Last updated on June 3, 2026

The rise in autism diagnosis rates is primarily explained by changes in diagnostic criteria, increased awareness, broader screening, and diagnostic substitution — not a true epidemic of new cases. The CDC now reports 1 in 31 children with autism (up from 1 in 150 in 2000), but most researchers attribute this largely to who gets counted, not a biological increase in prevalence. Vaccines have been extensively studied and are not a cause.

Evidence Summary

  • Data source: CDC ADDM surveillance data; large epidemiological studies; DSM diagnostic criteria evolution; population studies in Denmark, Sweden, and the U.S.

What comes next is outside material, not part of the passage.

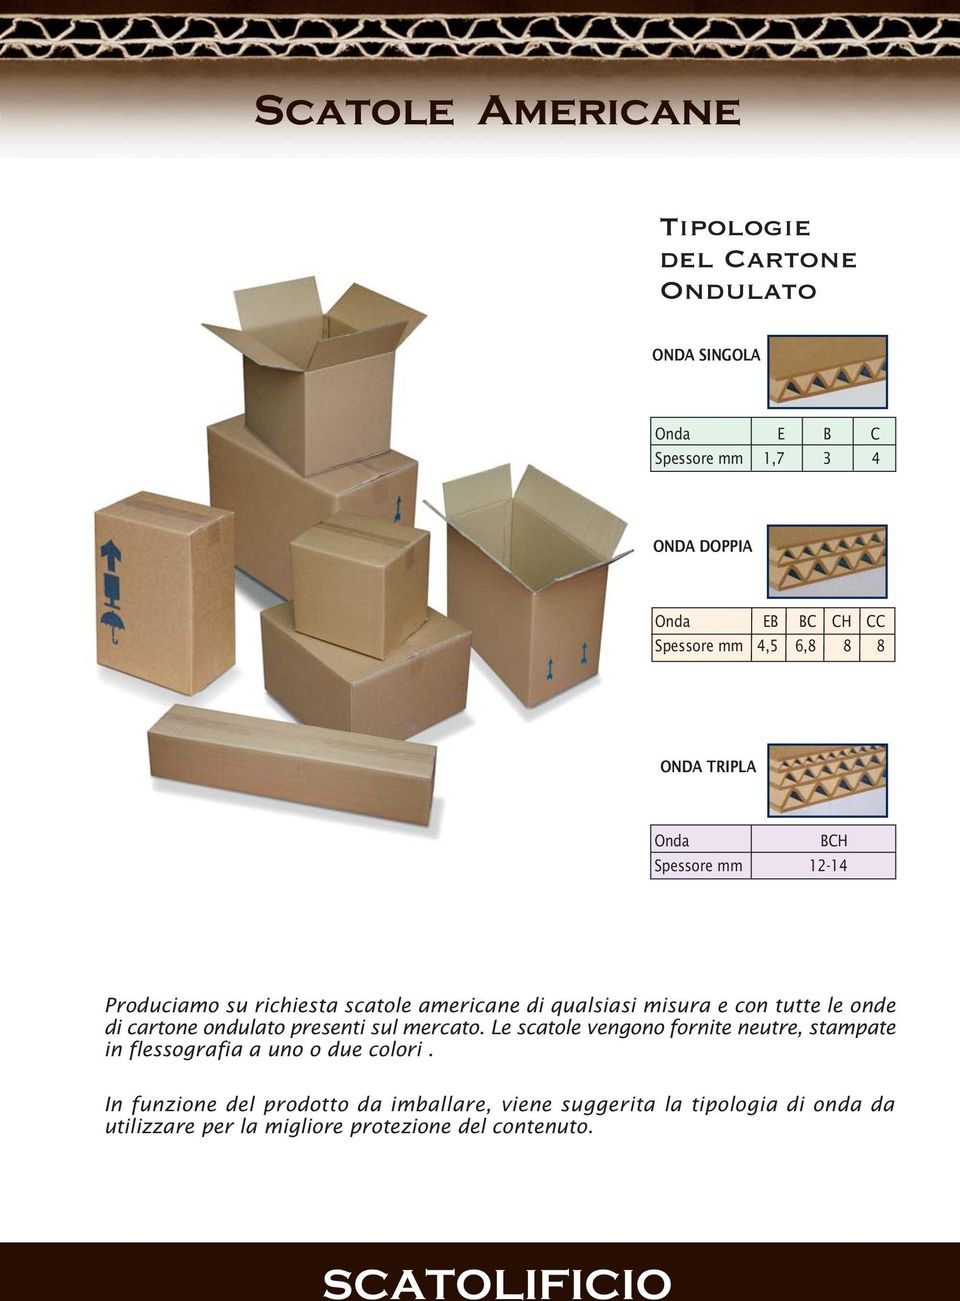 di cartone ondulato presenti sul mercato. Le scatole vengono fornite neutre, stampate in flessografia a uno o due colori.

  • Key finding: DSM-IV (1994) and DSM-5 (2013) expanded autism criteria significantly — more children qualify for diagnosis under current standards

  • Key finding: Studies using consistent historical criteria find much smaller increases over time than raw statistics suggest

  • Key finding: ‘Diagnostic substitution’ — children previously labeled with intellectual disability or language delay are now diagnosed with autism

  • Caveat: Some researchers believe a portion of the rise may reflect true increases, possibly from environmental or biological factors, but the evidence for this is weak

Confidence: Moderate-to-high confidence — strong evidence for diagnostic and criteria-change explanations; environmental causation remains speculative.